Project team members

Professor Belinda Tynan: University of New England
Professor Yoni Ryan: Australian Catholic University
Professor Alan Smith: University of Southern Queensland
Professor Mike Keppell: Charles Sturt University
Dr Leone Hinton: Central Queensland University
Professor Grant Harman: University of New England

Overview

This project seeks to assess the full costs and benefits of online teaching, specifically via development of appropriate methodologies for within-institution costing of online teaching, and the implications of online teaching staff workloads. On this basis, the project will provide leadership by working with Schools and Course Teams within the four participating universities to plan and implement strategies for a prospective rather than retrospective cost-benefit model, which can enable innovators to plan and understand the relationship between the expected learning benefits and the likely teaching costs and will be the first Australian study based on 21st century learning modes.

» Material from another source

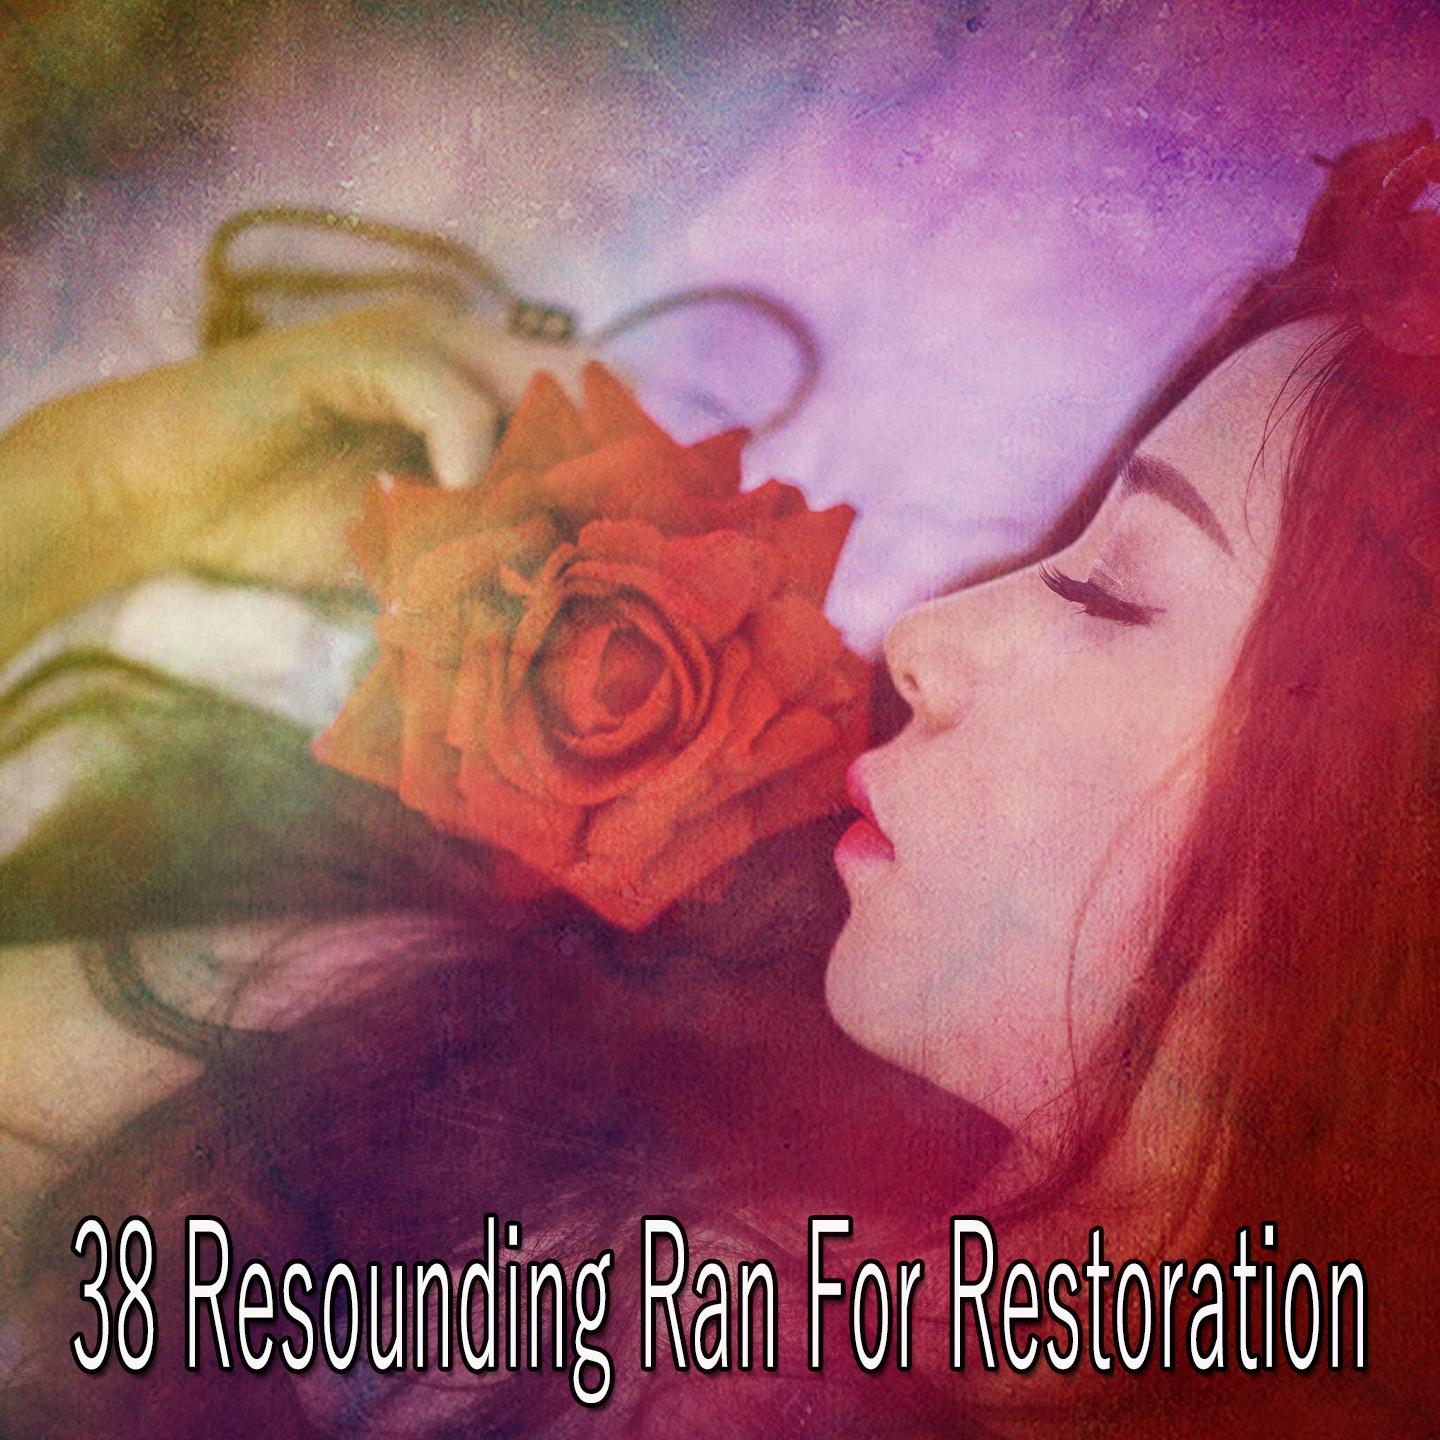 38 Resounding Ran for Restoration
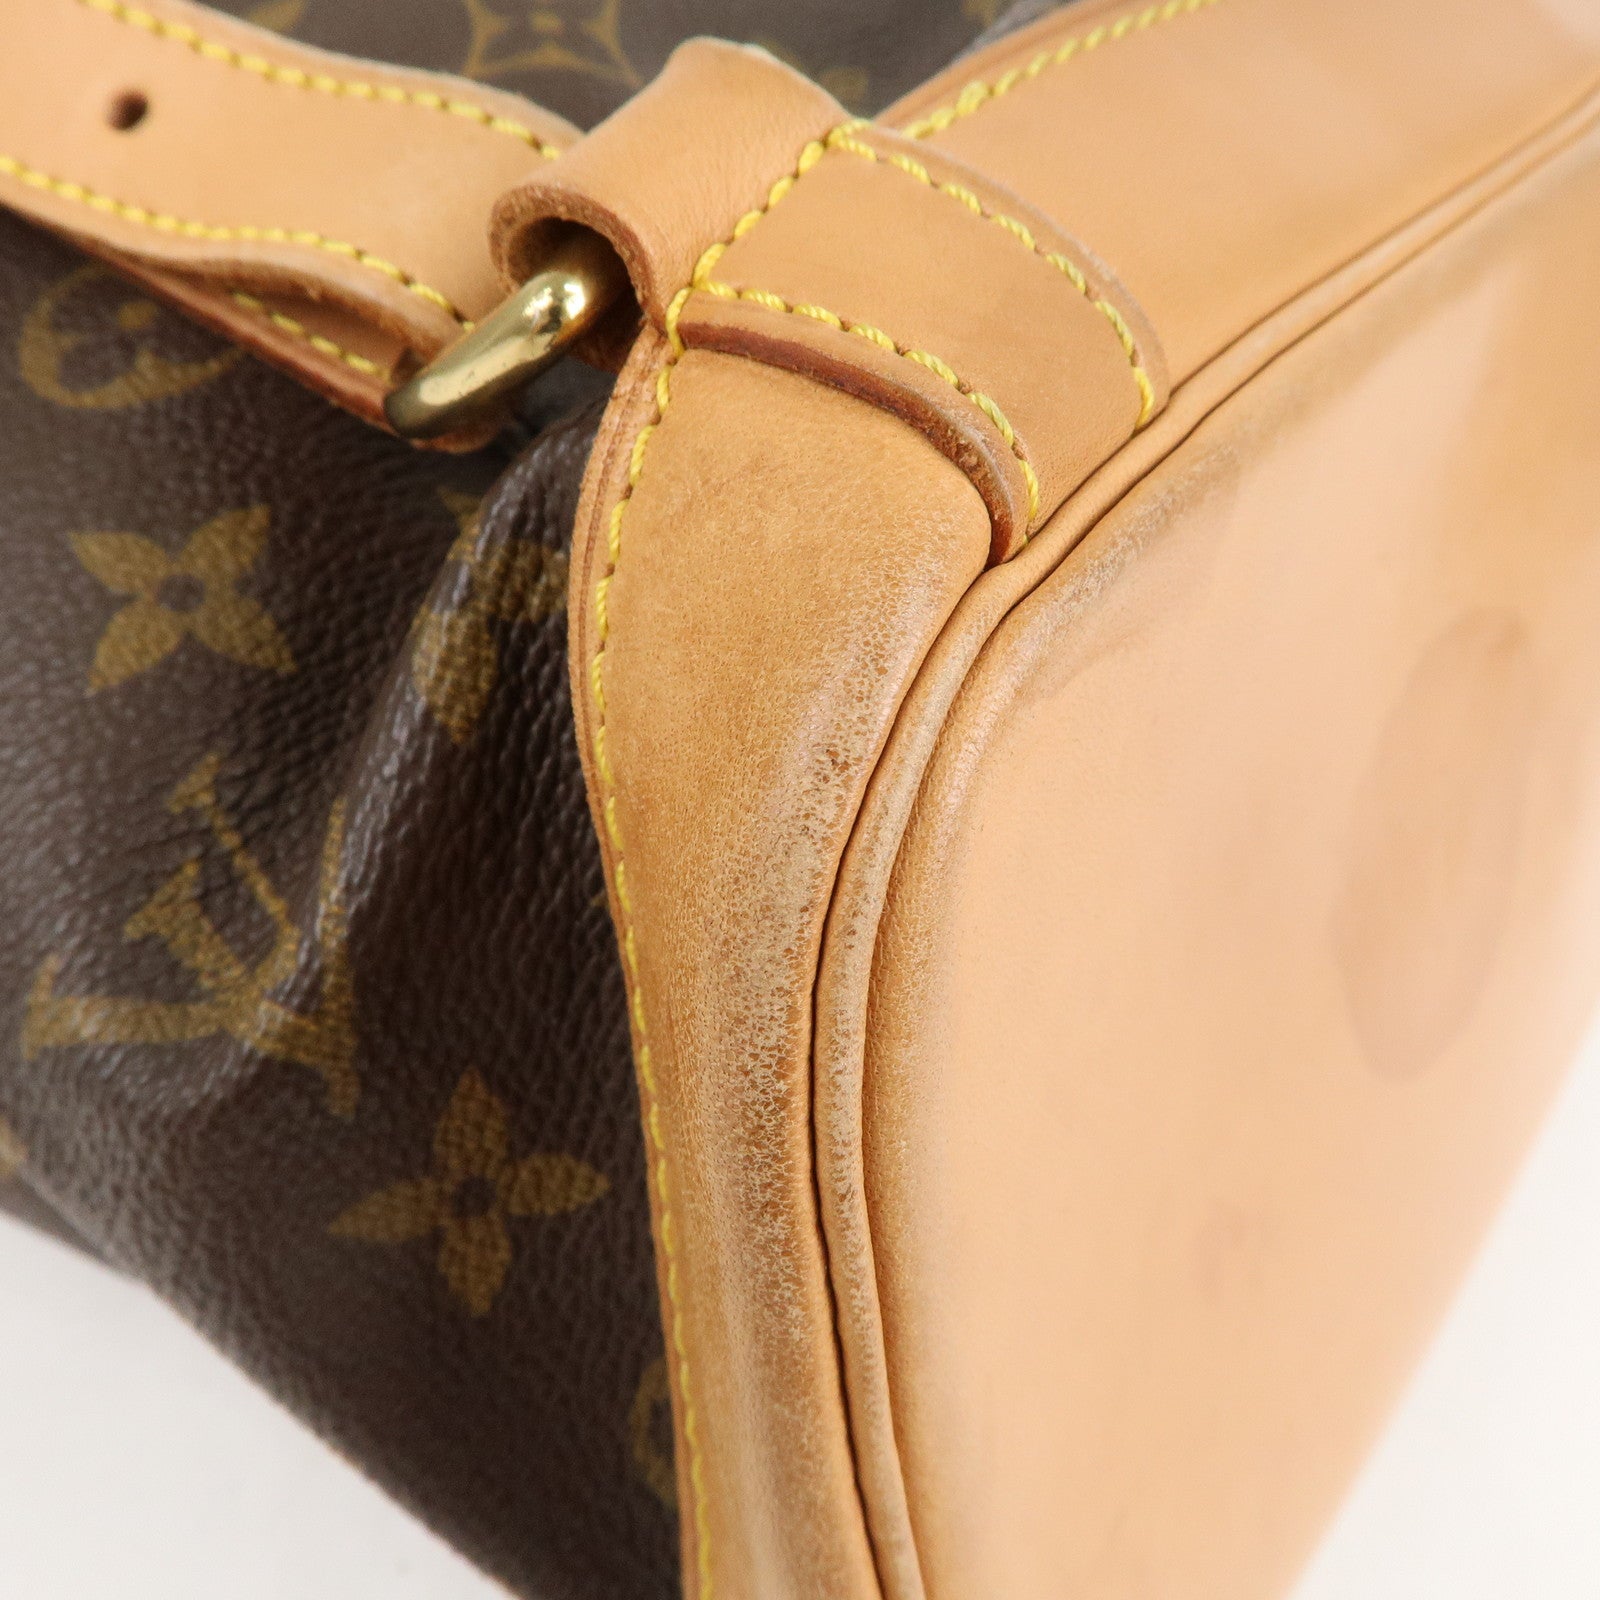 Louis Vuitton Montsouris Gm Monogram Mi0050 Backpack

The project will seek to address the following questions:

  • What currently informs Australian universities about the costs of teaching online, and how do Schools calculate staff workloads for online teaching?
  • What methodologies might be used to assess the costs and benefits of online teaching and guide universities in decisions on resource allocation and staff workloads?
  • What are the teaching demands of online programs, and are workload demands the same for online teaching compared with face-to-face teaching?
  • Is there evidence that there is a tendency to not revise materials for online contexts, and if so, what effect does this have on course quality and learning outcomes?
  • What insights can the above project activities provide in determining class size and the number of staff allocated per unit?
  • What documentation could be prepared to provide guidelines for Schools and their staff in achieving enhanced online teaching and in developing materials?

Leadership is required in this area to ‘catch-up' and wrestle the difficult questions about workload, as these have been inadequately addressed. Capacity-building within the project members, but also more broadly for the sector, is now urgently required. The leadership framework drawn upon in this project is multifarious and asks all stakeholders to be drawn towards new perceptions and understandings of workload associated with web-based environments in action.

The key outcomes and deliverables of the research will be:

  • Detailed analysis of international and Australian literature on the costs and benefits of online teaching, particularly related to costing models and staff workload implications;
  • Development of a detailed planning model for implementation of new online courses based on the key concepts put forward by Laurillard and Twigg, but also drawing on other costing models for university teaching;
  • Implementation of the model in selected schools in the four universities for planning and establishing new online courses;
  • Generation of data on staff costs and workload implications for planning and implementing the model for establishing new online courses;
  • A detailed explanation and demonstration of the multifarious leadership model of Rogers, Twigg and Laurillard;
  • Development of a guidebook for staff with strategies to enhance learning and cost effectiveness in online teaching.